Interestingly, although time to market, and thus speed of delivery, is often more important economically than productivity, there doesn’t seem to be any industry trend data at all on this performance parameter. Adopting rapid and agile approaches to software development could result in earlier (and thus, more valuable) delivery of some functionality than traditional waterfall approaches, but it remains to be seen if the overall speed of delivery of the final, total requirements is faster.

Quality

In contrast to the story so far, delivered software is often of sufficient quality to support the intended use case at the time of deployment. However the world’s communications, transportation, and financial services systems are under constant cyber attack that leverage both software design and implementation defects. For these industries, the supplier must continuously address lifecycle and complex software supply chain issues long after initial delivery to satisfy safety-critical needs (or someone might die), or to avoid the risk of huge financial losses. Resilient software can also be produced when the supplier is suitably incentivized by a contract that makes it expensive to deliver defects.
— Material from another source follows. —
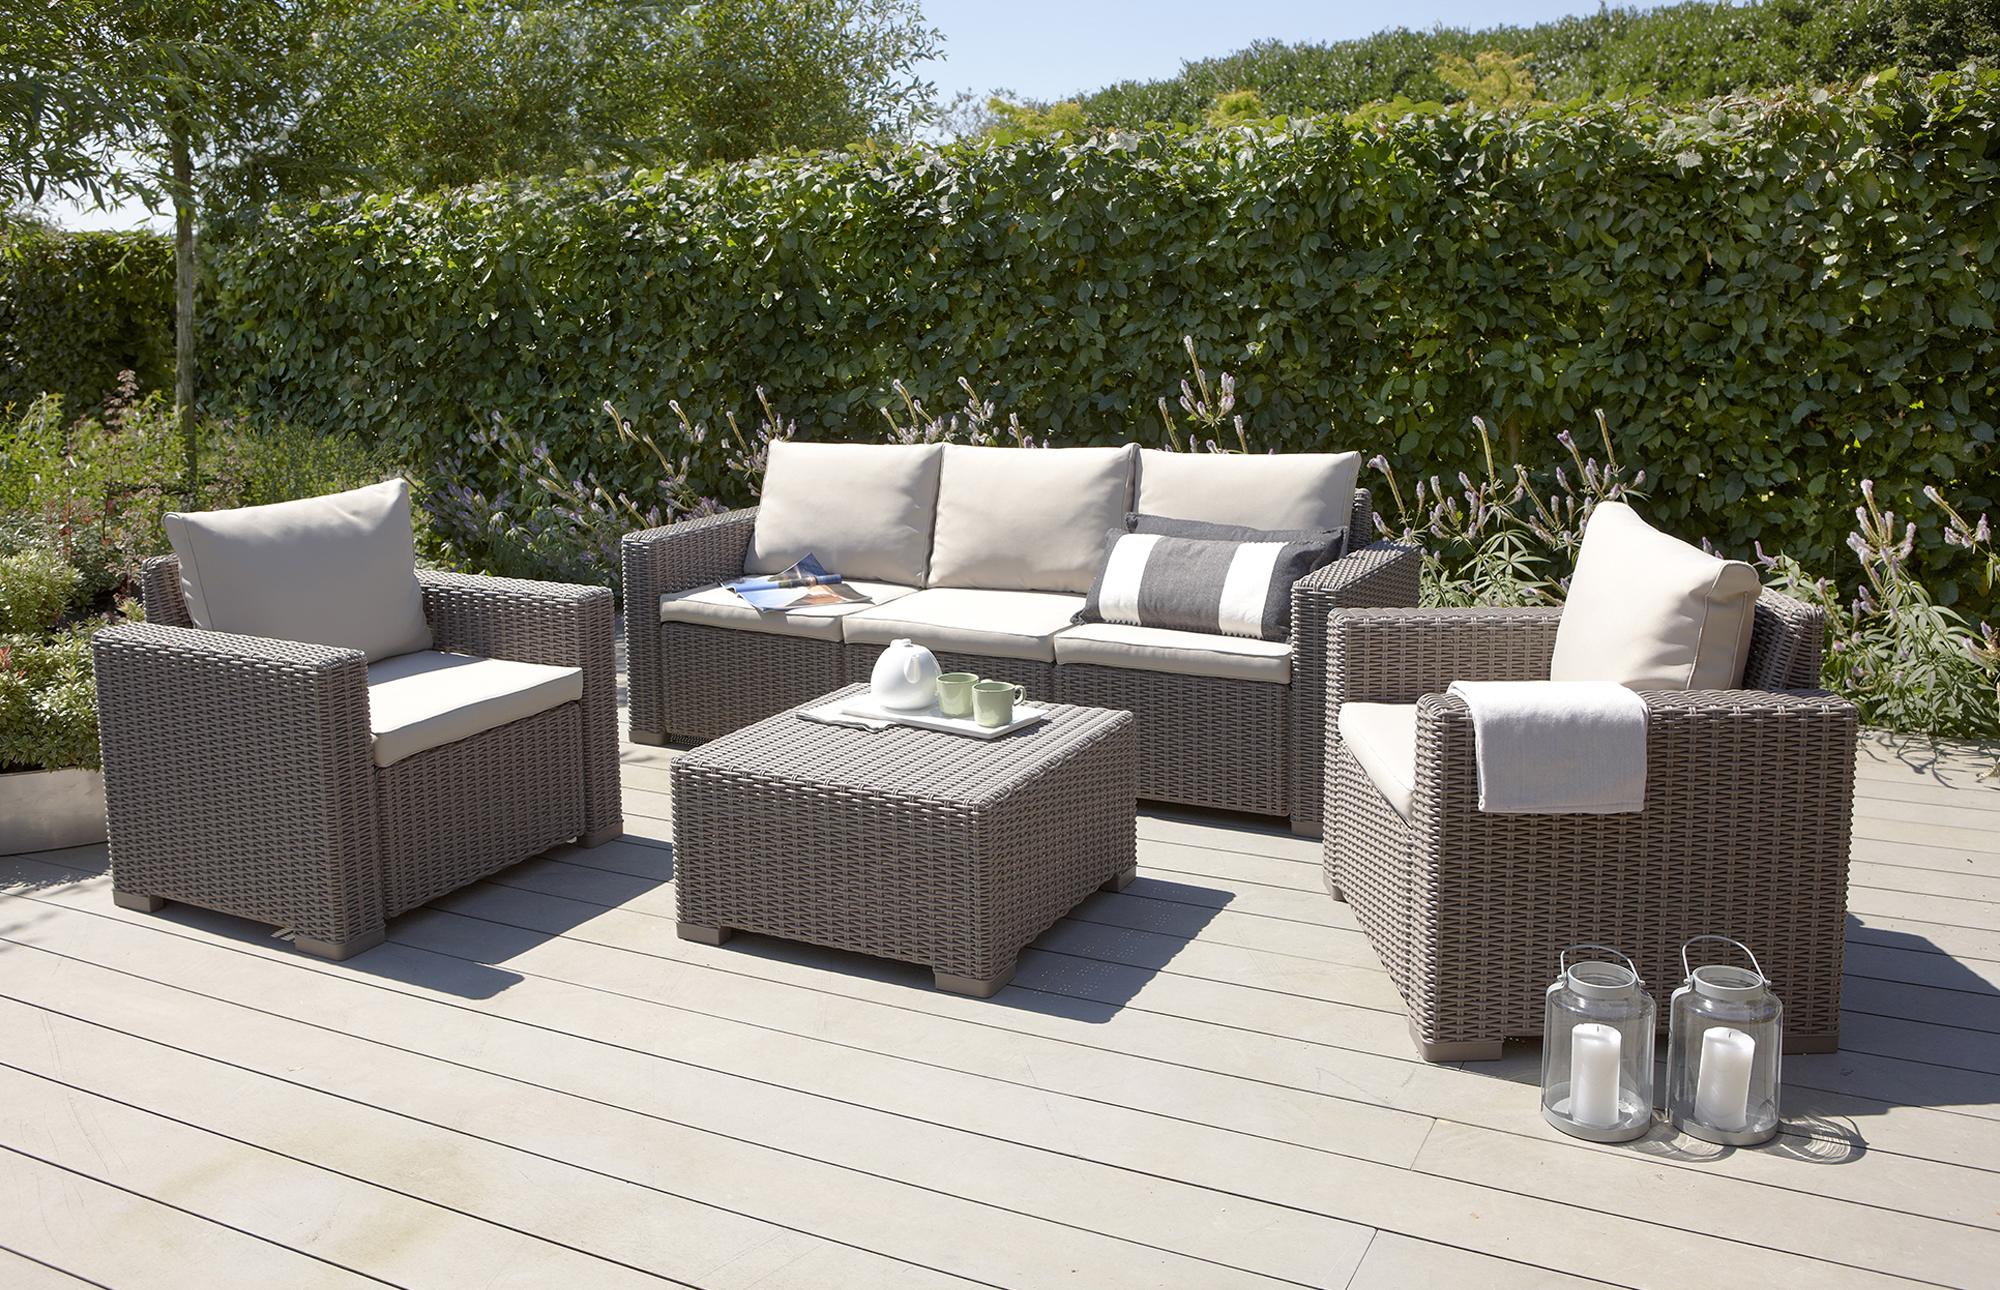 outdoor rattan furniture garden-furniture-rattan-sets-breathtaking-rattan-garden-furniture-bistro- sets-breathtaking-outdoor-patio-furniture-covers - rattan garden furniture  sets ... PMNXQMJ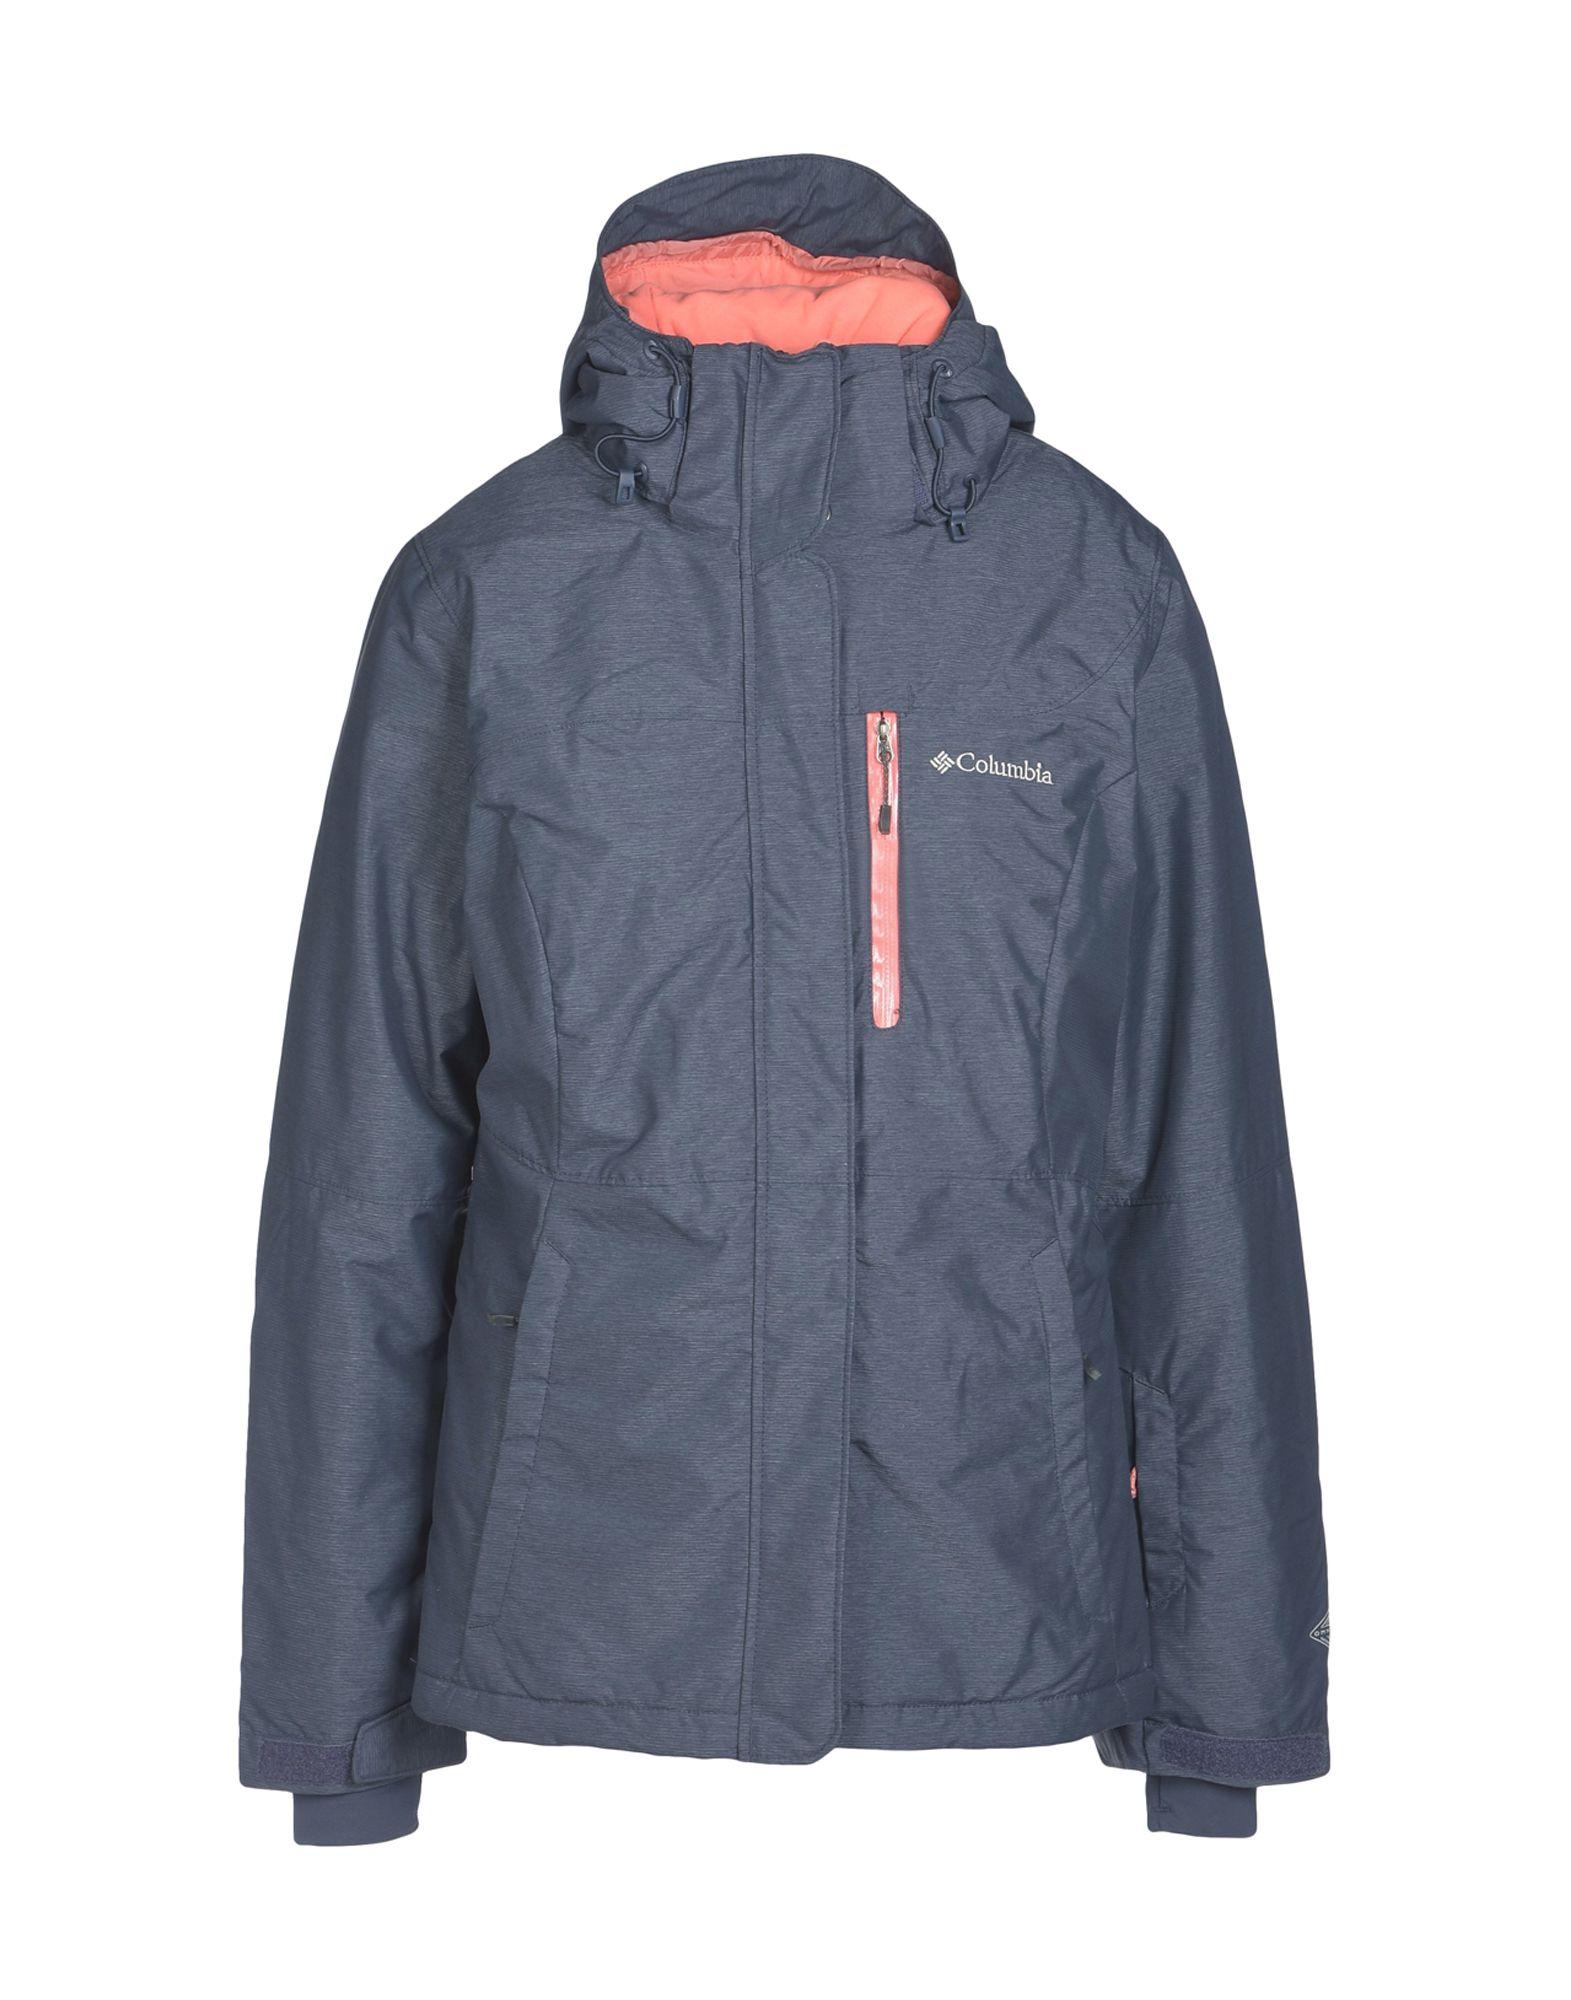 COLUMBIA Damen Jacke Farbe Dunkelblau Größe 5

Software quality is an opaque property. Many customer's are at an information disadvantage about software quality which erodes bargaining power. In addition, customers may prefer software with an initial lower cost and seek to compensate or cope with usability and security issues over time. In fact, some widely used software is full of defects and frustrating to use, yet enables vastly improved health, safety, and productivity.

Industry Investment in SPI

Models for helping software suppliers improve their processes and performance have been around for more than 20 years. The industry was initially slow to adopt these models, but they’re now gaining widespread acceptance.

The quality movement pre-dates formal SPI models, and much of SPI’s focus has been on improving quality. Judging by reports from SEPG conferences, the early adopters were often in the same domains that must aim to produce defect-free software. What’s surprising is the relative lack of emphasis by organizations undertaking SPI efforts on improving productivity and delivery to time and budget.

At the 2007 European SEPG conference, researchers asked 49 participants what actions were receiving the most attention.(9) The response was that improving product quality was receiving the highest priority, followed by improving productivity and improving predictability. But when asked what should be happening, participants reversed the order of these priorities. There is hope!

Industry Financial Performance

The cost of the software industry’s failings seems to fall almost entirely on customers. While the fortunes of individual commercial software suppliers fluctuate with their successes and difficulties, how often do suppliers go out of business due to incompetence? The survey of UK public-sector outsourcing contracts4 noted that the profit margin of the “world-class” suppliers on these contracts was almost always above 10 percent (and as high as 25 percent in some cases).

For in-house suppliers, the picture is bleaker. If ever top management suspects that their performance isn’t competitive, in-house suppliers are at risk of being outsourced.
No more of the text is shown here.